PIADENA – In sé appare come una delibera all’albo pretorio abbastanza innocua: una spesa certo non impossibile, poco meno di 4mila euro, per la precisione 3.921 euro. D’accordo che i comuni non navigano nell’oro, ma l’acquisto di tre porte in ferro a due battenti, dotate di maniglioni antipanico per uscite di emergenza in sé non sembra nulla di clamoroso. Invece potrebbe risultare tale, perché l’immobile al quale sono destinate queste tre porte è l’ex Cinema Italia di via Libertà 59 a Piadena, quello sul quale da due anni e mezzo ormai l’amministrazione Cavazzini, già prima della decadenza del sindaco e della nuova vittoria elettorale, aveva posto gli occhi per il rilancio.

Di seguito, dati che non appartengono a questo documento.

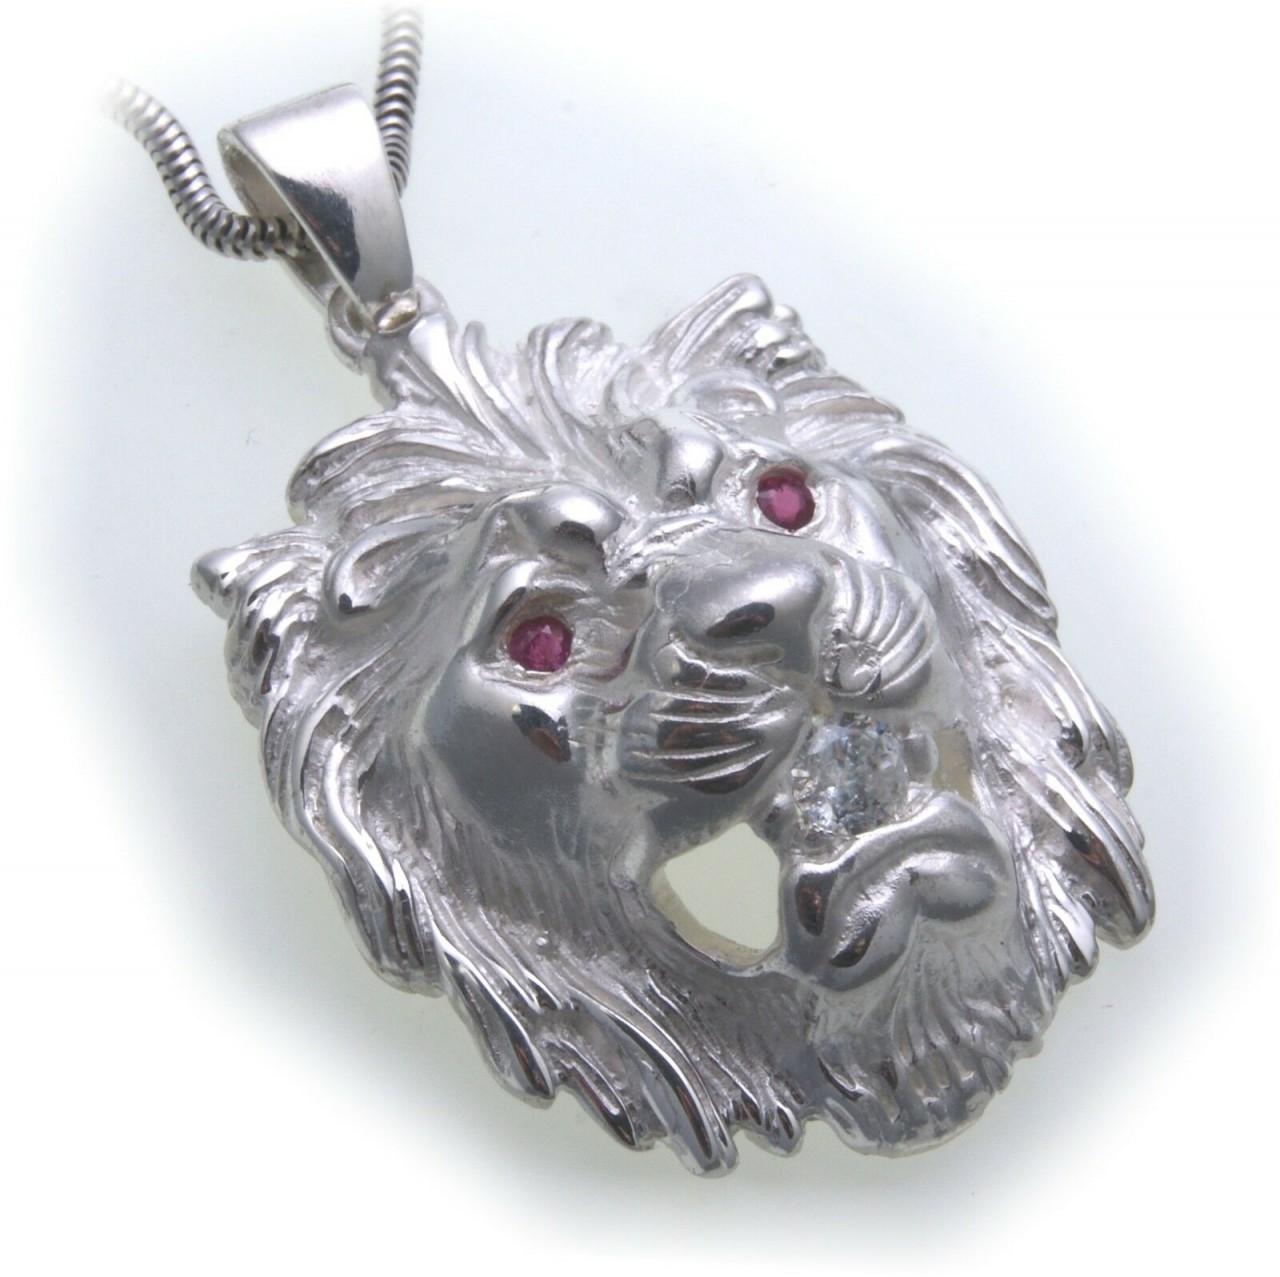 Anhänger Löwe Kopf echt Silber 925 Rubin Zirkonia Raubkatze Sterlingsilber Neu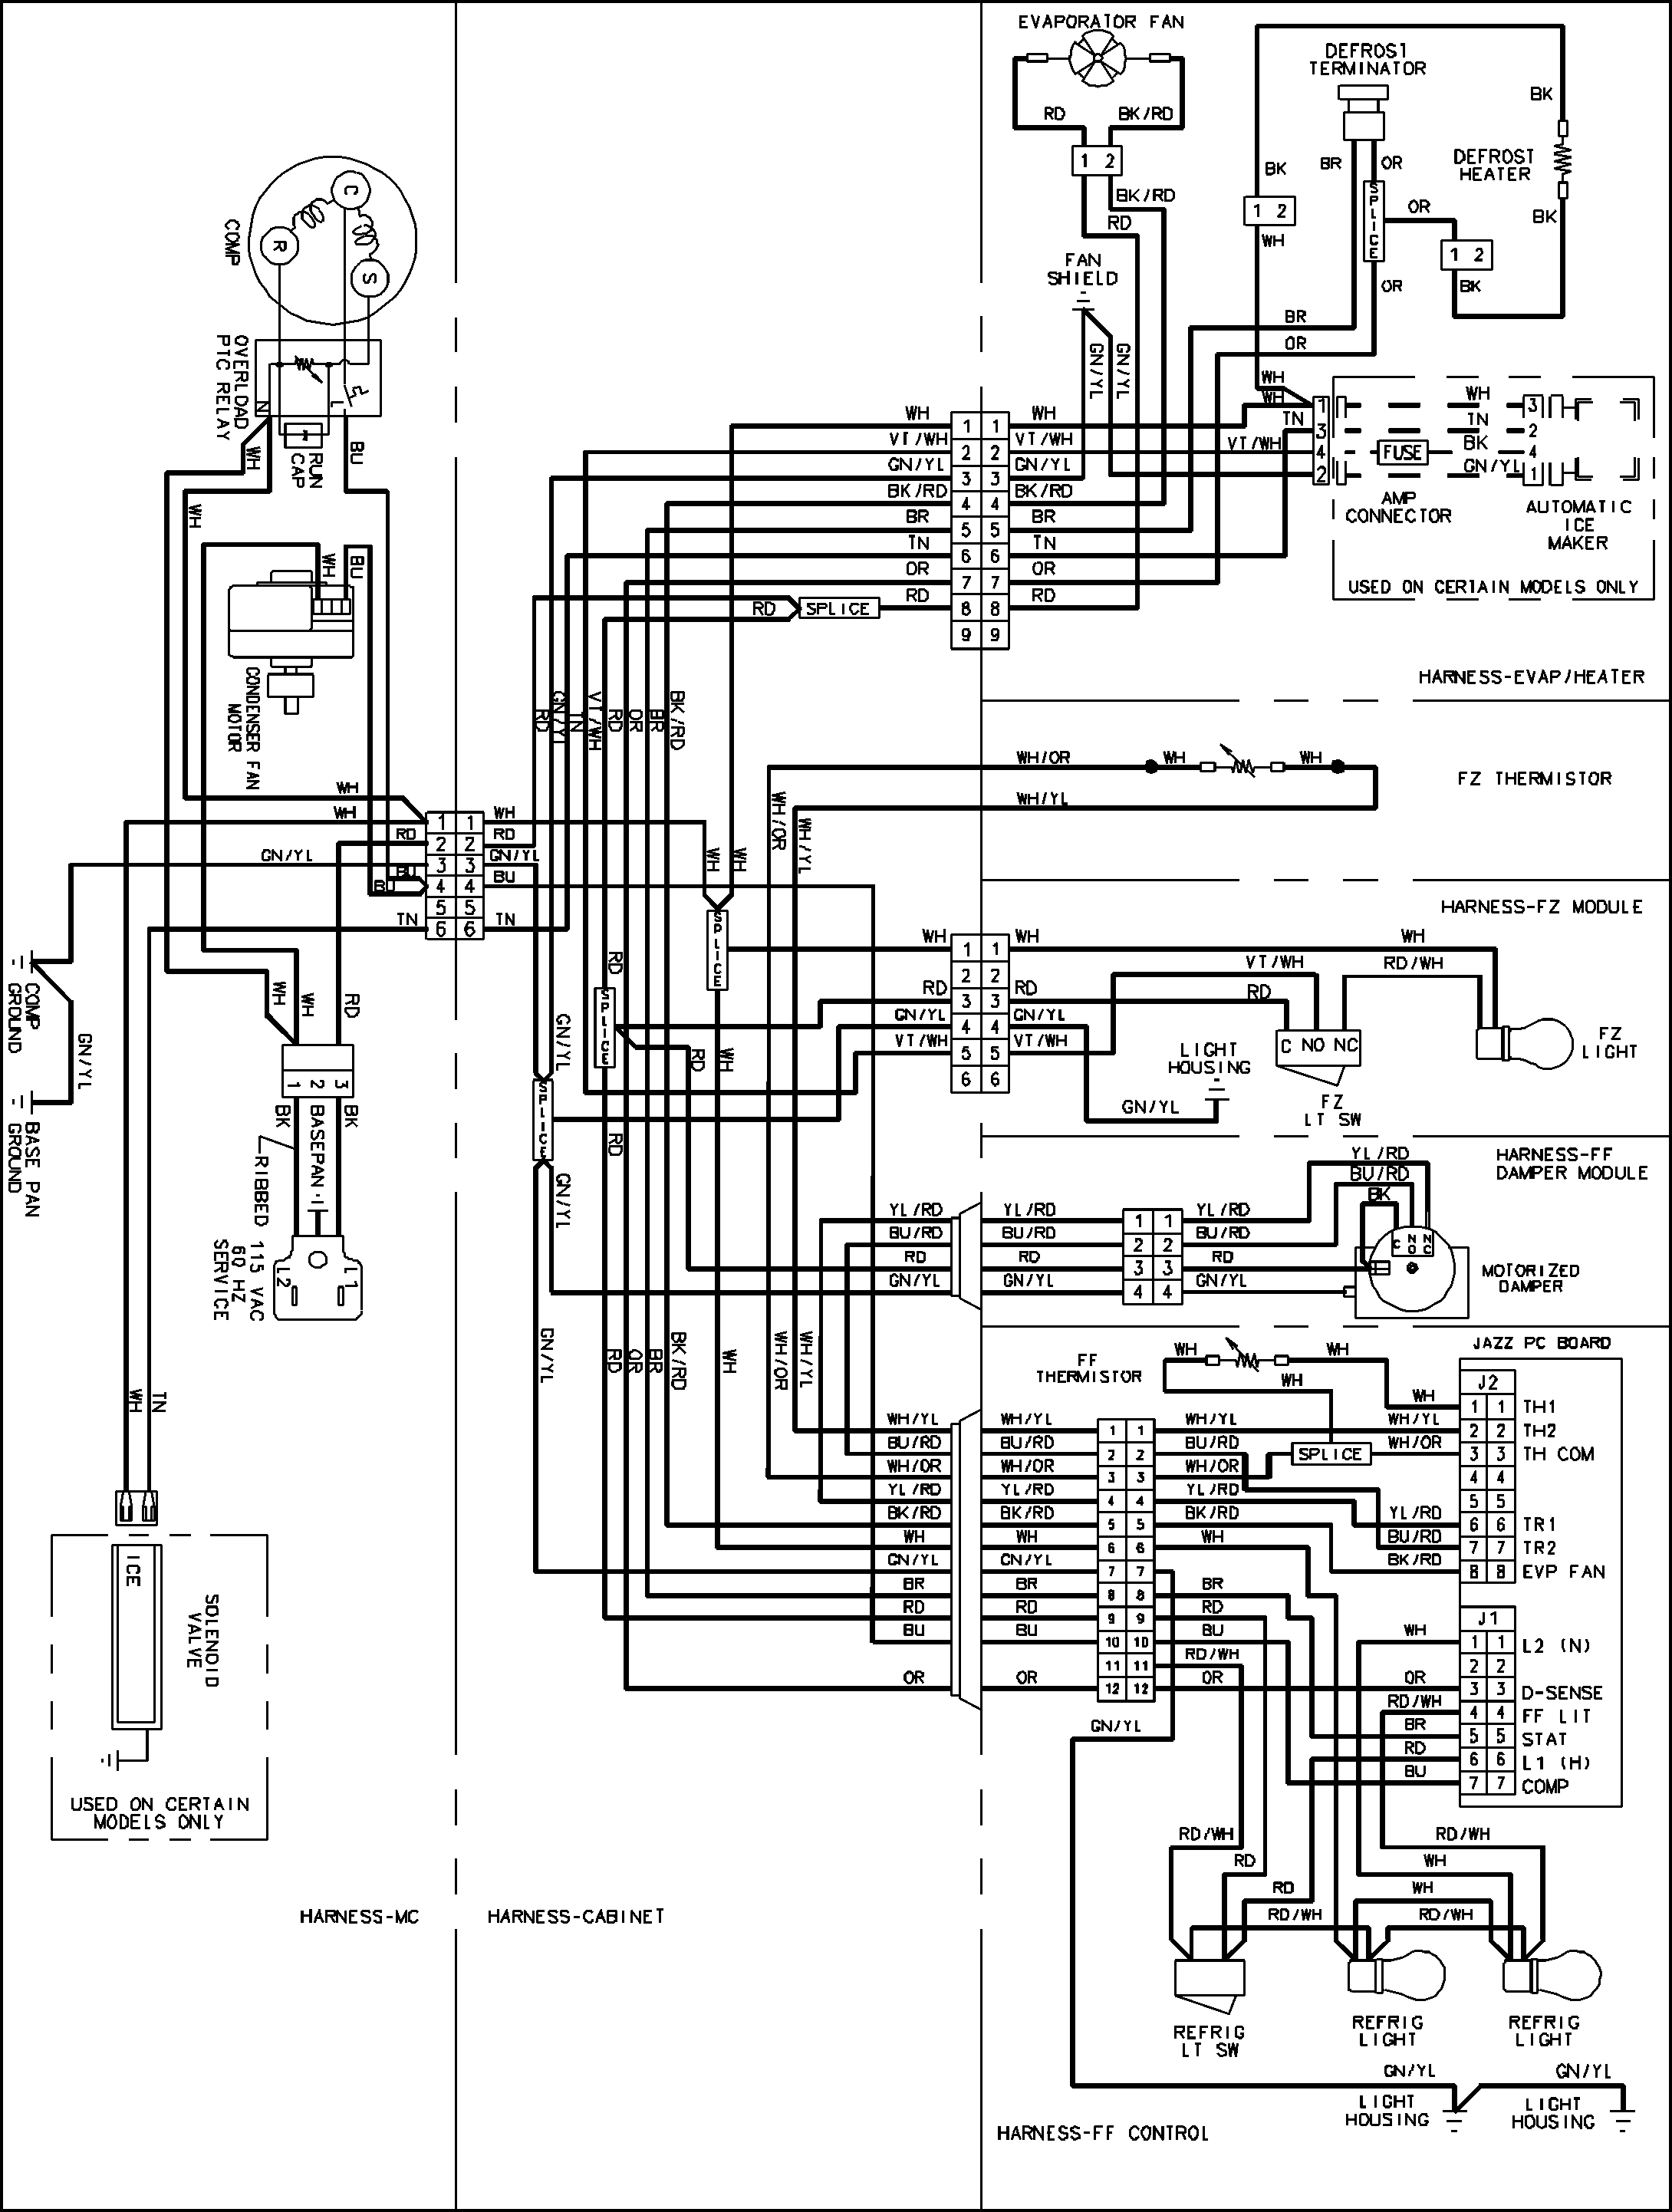 M0703075 00011?resize\\\=665%2C879 de303 wiring diagram wiring diagrams Basic Electrical Wiring Diagrams at crackthecode.co

A svelare che, in effetti, l’operazione non è di poco conto è l’assessore ai Lavori Pubblici Fulvio Notari: “Non possiamo parlare di un vero e proprio avvio del grande progetto di riqualificazione, per il quale abbiamo tre possibili strade – spiega l’assessore – ma l’operazione che portiamo avanti può comunque rappresentare un segnale”. Le porte, che il comune ha scelto di acquistare dall’impresa individuale Racchetti Alfredo Arnaldo di Cremona, serviranno a garantire una buona agibilità almeno per mostre o esposizioni. L’ex Cinema Italia, infatti, è dotato di impianto elettrico, ma non di quello termico, il che presuppone che eventuali iniziative culturali per il paese debbano tenersi lontano dai mesi freddi. “L’idea è proprio questa – svela Notari – . Per la prossima Fiera settembrina, un evento che la nostra comunità attende sempre con trepidazione, stiamo pensando di organizzare una mostra proprio all’ex Cinema Italia. Per dare un segnale, appunto, e per tornare a riappropriarci di un patrimonio che, ad oggi, è abbandonato ma merita di essere recuperato”.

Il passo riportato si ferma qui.